For reasons such as this, the only key establishment methods supported in TLS 1.3 are:

  • ephemeral elliptic curve Diffie-Hellman (a particular form of the Diffie-Hellman key exchange with good bandwidth and computational efficiency) or ephemeral finite field Diffie-Hellman modulo five specific primes of 2048+ bits
  • pre-shared keys, or
  • a hybrid of both pre-shared keys and ephemeral (elliptic curve) Diffie-Hellman.

The ephemeral adjective means that the private keys associated with the exchange are only used once and generated afresh with every key establishment which provides forward secrecy. Pre-shared keys can be refreshed/ratcheted for forward secrecy.

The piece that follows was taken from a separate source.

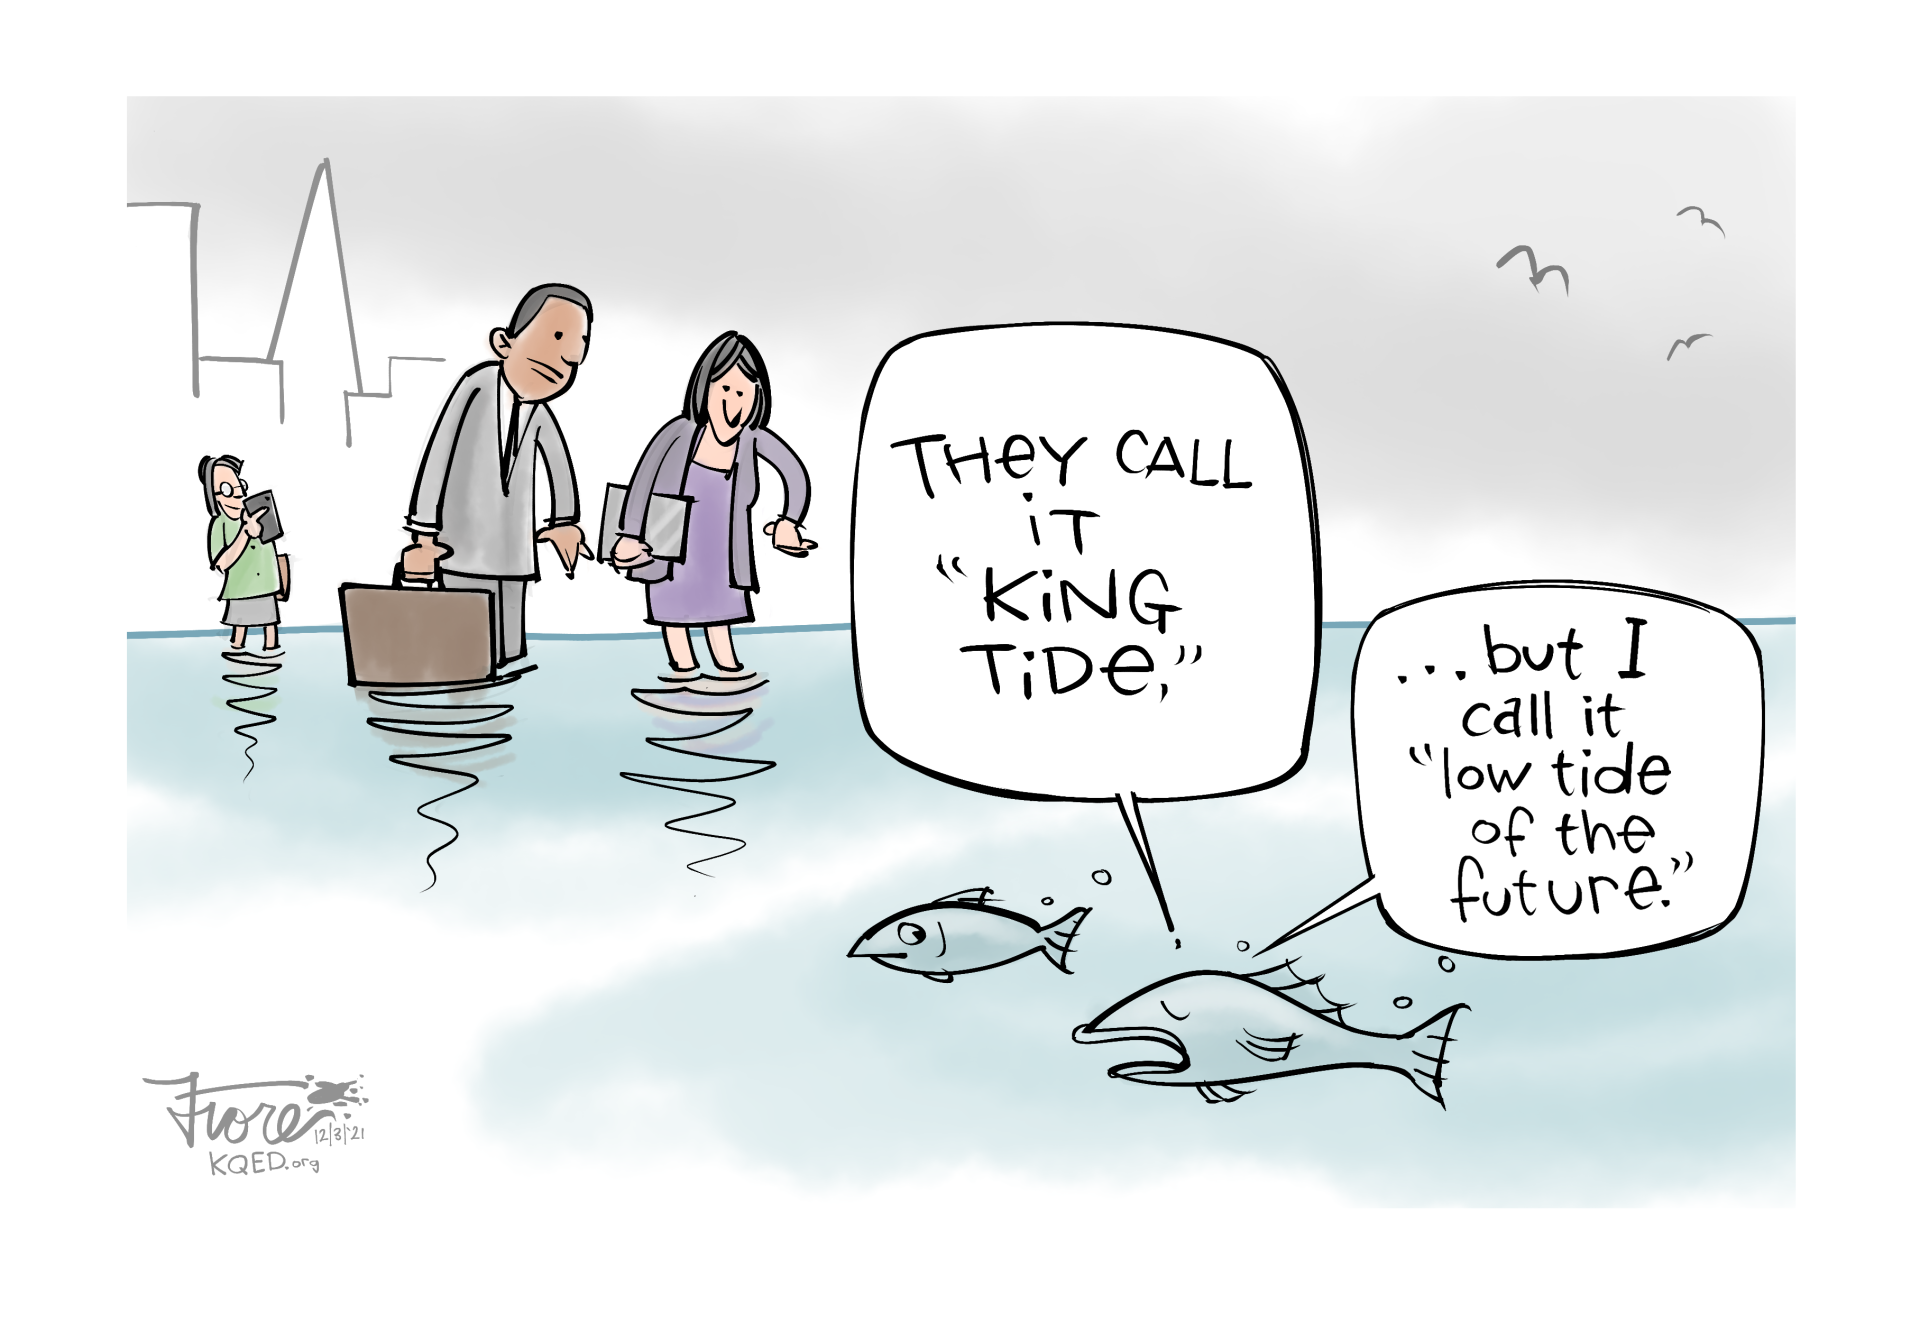 Cartoon: people in downtown San Francisco standing in water, we see a fish talk to another fish, saying, "they call it 'king tide,' but I call it 'low tide of the future'."

  1. This is a poor choice of words. As you correctly note, Diffie-Hellman does require the generation of a public value. The distinction between the RSA and Diffie-Hellman public values is that an RSA key is typically static (i.e. unchanging between key establishments) and the elliptic curve public value is ephemeral (i.e. generated afresh with each connection). As Diffie-Hellman can use system parameters, generation of ephemeral keys is much simpler than it would be for RSA. Conversely, it isn't really possible to use certificates without long-lived keys and so RSA is still permitted for signing. There is also forward secrecy as future compromise of a signing key does not compromise a past key establishment.